Abstract

In preterm infants, neurological signs and clinical manifestations of brain damage are limited criteria for diagnosis of neurologic sequelae. Early indicators of brain damage are needed and currently some specific biochemical markers of brain injury are investigated to assess regional brain damage after perinatal asphyxia in neonates. In this study Protein S-100 (PS-100) and Neuron Specific Enolase (NSE) serum levels were studied serially during the perinatal period in preterm neonates with perinatal asphyxia as markers of glial and neuronal damage respectively. Thirty outborn preterm infants with perinatal asphyxia were studied at 3, 24, 48 hours and 7 days of life. According to Apgar scores at 1' and cord blood pH and lacticidemia (LA), patients were divided in two groups: 15 of them (GA 33+/-1.2 wk, BW 1790+/-383 g) with severe asphyxia (Apgar <4, pH7.0+/-0.08, LA 6.29+/-0.79 mM/L) and 15 (GA 32+/-1.8 wk, BW 1810+/-290 g) with mild asphyxia (Apgar between 4-6, pH 7.18+/-0.05, LA 2.59+/-0.61 mM/L). Ten gestational age matched healthy preterm neonates were studied as control group. Cerebral ultrasound examinations (7 MHz) were performed at birth and repeated at 3 weeks of life.
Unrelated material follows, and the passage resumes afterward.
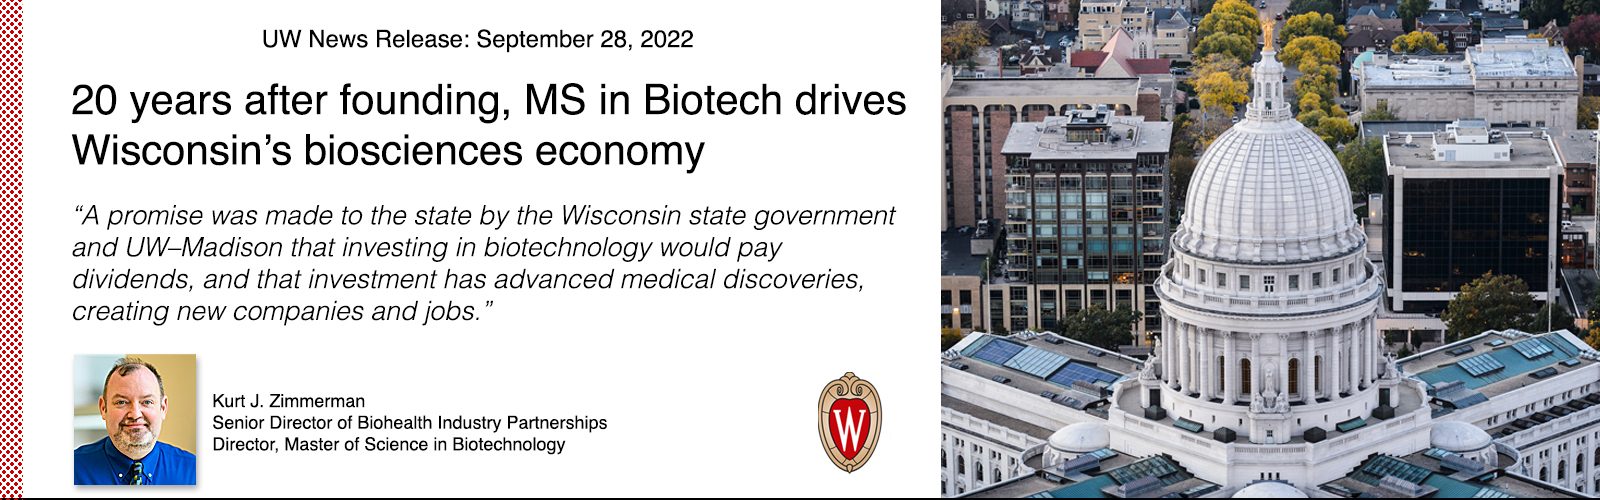 masthead titled celebrating 20 years of the MS in Biotechnology Program at UW-Madison
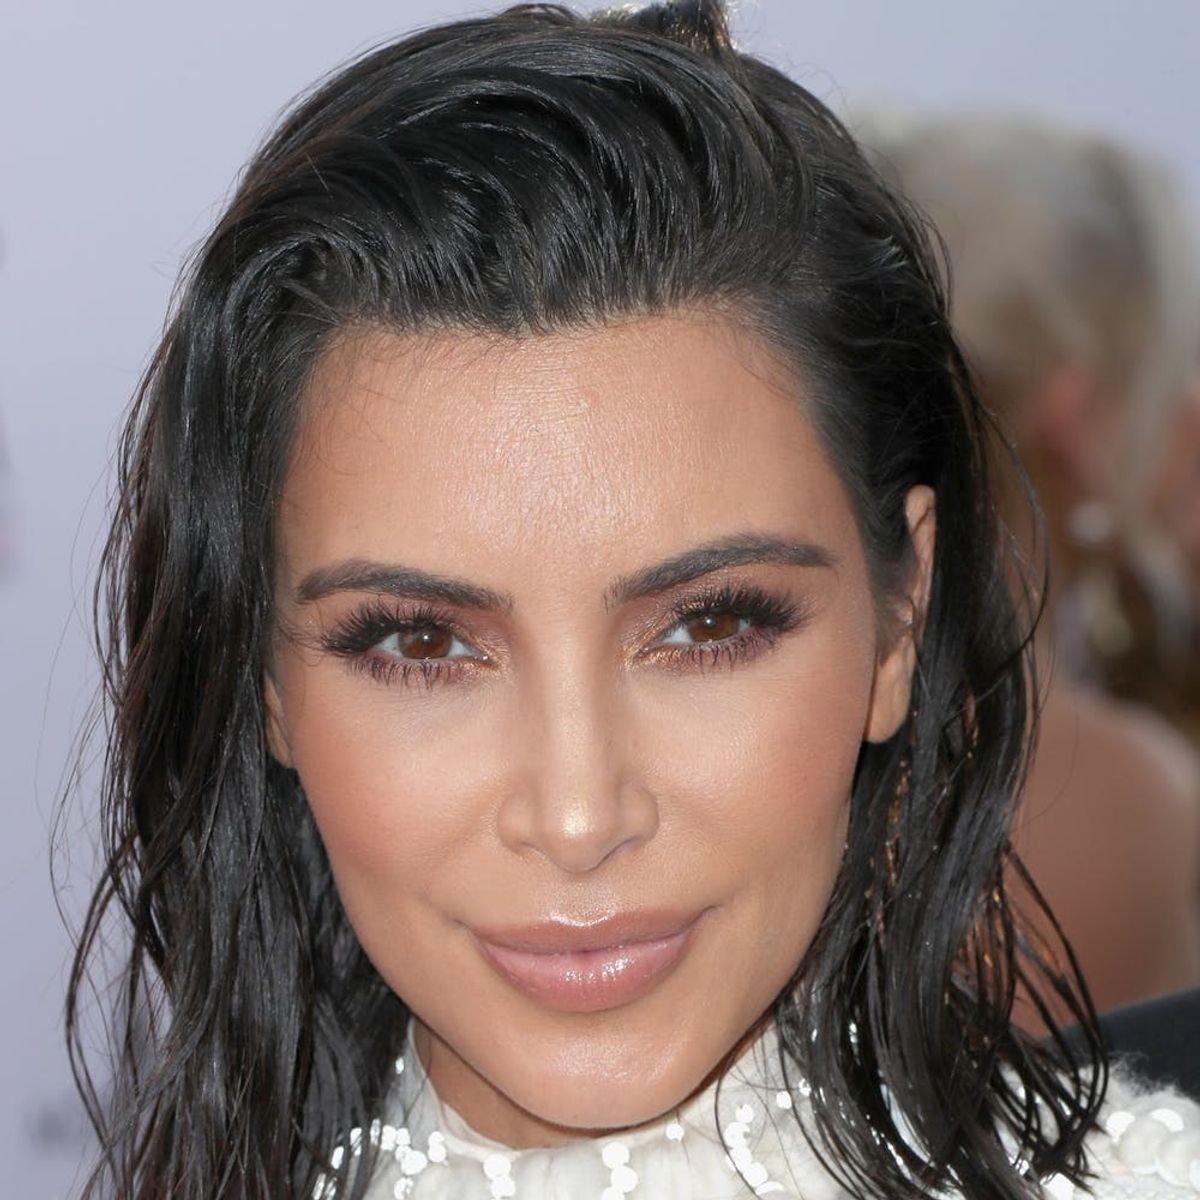 Here’s How to Get Your Hands on Kim Kardashian’s Latest Makeup Obsession

The results of this study show that neonates with severe asphyxia at any time had significantly more elevated mean serum levels of both markers compared to the group with mild asphyxia and to the control group (p<0.05). The values of control group were also significantly lower in comparison with that of mild asphyxia. In neonates with severe asphyxia, NSE values decreased constantly from birth to the seventh day of life, while PS-100 showed a different pattern increasing progressively between 3 h and 7 days. In neonates with mild asphyxia serum values of both markers showed decreasing levels through the study period. The results of this study suggest that perinatal asphyxia is associated with the release of different brain cellular proteins in the blood of preterm infants with different time course indicating specific regional cellular injury. The more elevated levels of NSE at birth found in the newborns with severe asphyxia could be considered as an early biomarker of neuronal necrotic damage in the ischaemic phase of perinatal cerebral hypoxic-ischaemic insult; progressive increase of PS-100 during the first week of life in the same neonates could be expression of apoptotic damage of glial cells occurring in the reperfusion phase of cerebral ischaemia.